- Date: 9–16 April
- Edition: 116th
- Category: Masters 1000
- Draw: 56S / 28D
- Prize money: €5,779,335
- Surface: Clay
- Location: Roquebrune-Cap-Martin, France (billed as Monte Carlo, Monaco)
- Venue: Monte Carlo Country Club

Champions

Singles
- Andrey Rublev

Doubles
- Ivan Dodig / Austin Krajicek
| Monte-Carlo Masters |

= 2023 Monte-Carlo Masters =

The 2023 Monte-Carlo Masters (also known as the Rolex Monte-Carlo Masters for sponsorship reasons) was a tennis tournament for male professionals, played on outdoor clay courts.
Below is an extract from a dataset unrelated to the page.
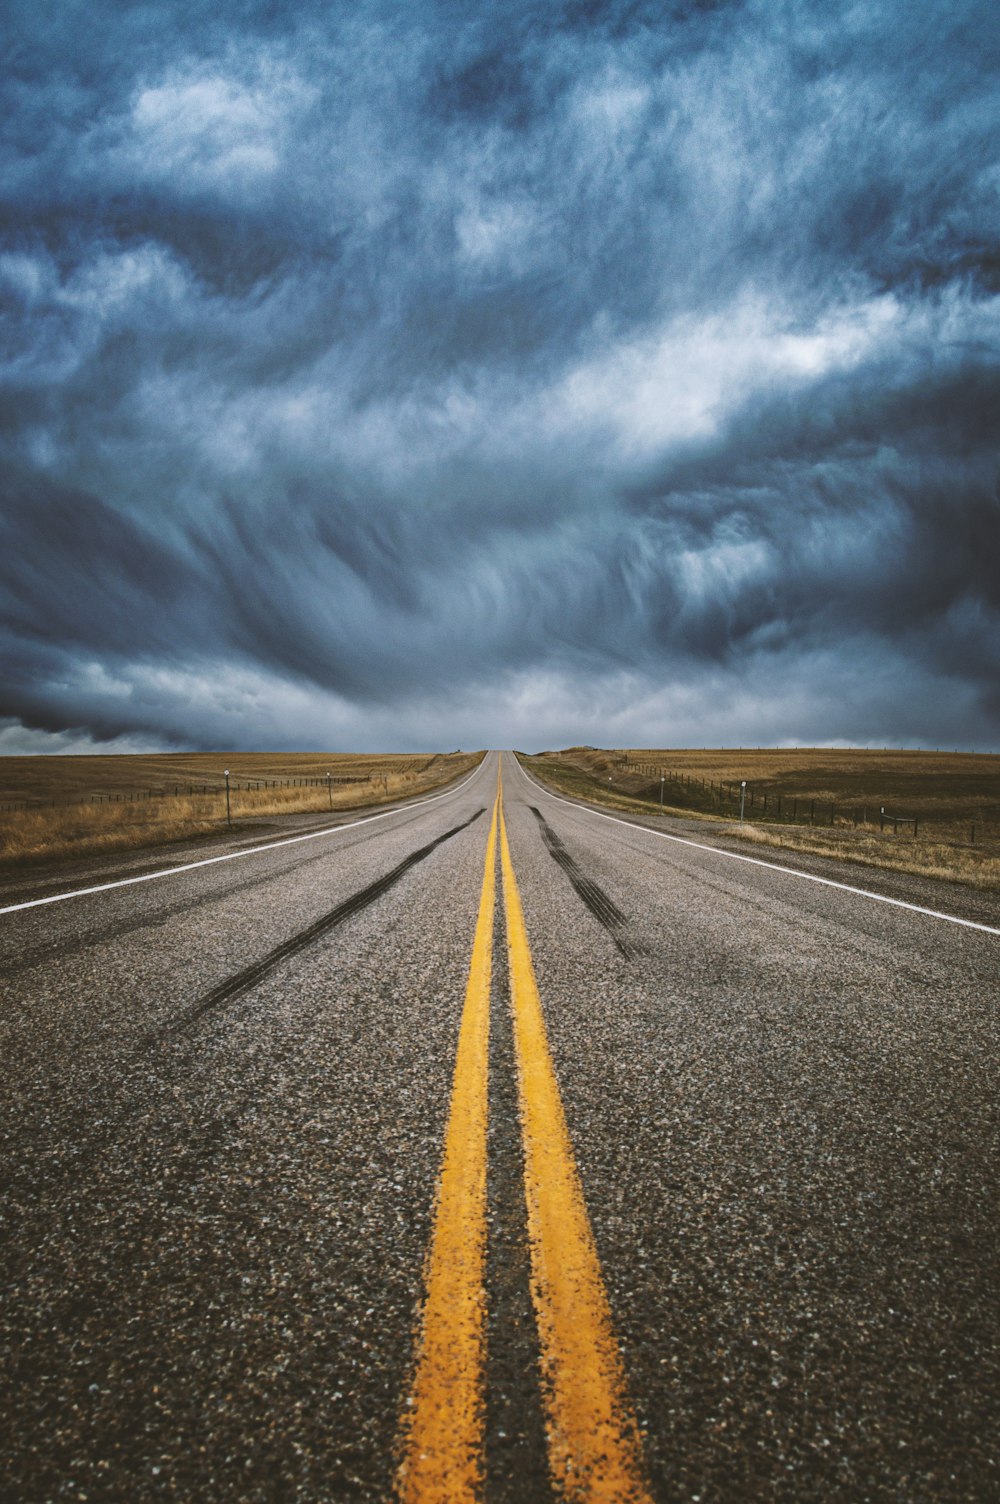 a long straight road stretches into the distance under a cloudy sky

It was the 116th edition of the annual Monte Carlo Masters tournament, sponsored by Rolex for the 14th time. It was held at the Monte Carlo Country Club in Roquebrune-Cap-Martin, France (though billed as Monte Carlo, Monaco). The event was an ATP Masters 1000 tournament on the 2023 ATP Tour.

==Champions==

===Singles===

- Andrey Rublev def. DEN Holger Rune, 5–7, 6–2, 7–5

===Doubles===

- CRO Ivan Dodig / USA Austin Krajicek def. MON Romain Arneodo / AUT Sam Weissborn, 6–0, 4–6, [14–12]

==Points==
Because the Monte Carlo Masters is the non-mandatory Masters 1000 event, special rules regarding points distribution are in place. The Monte Carlo Masters counts as one of a player's 500 level tournaments, while distributing Masters 1000 points.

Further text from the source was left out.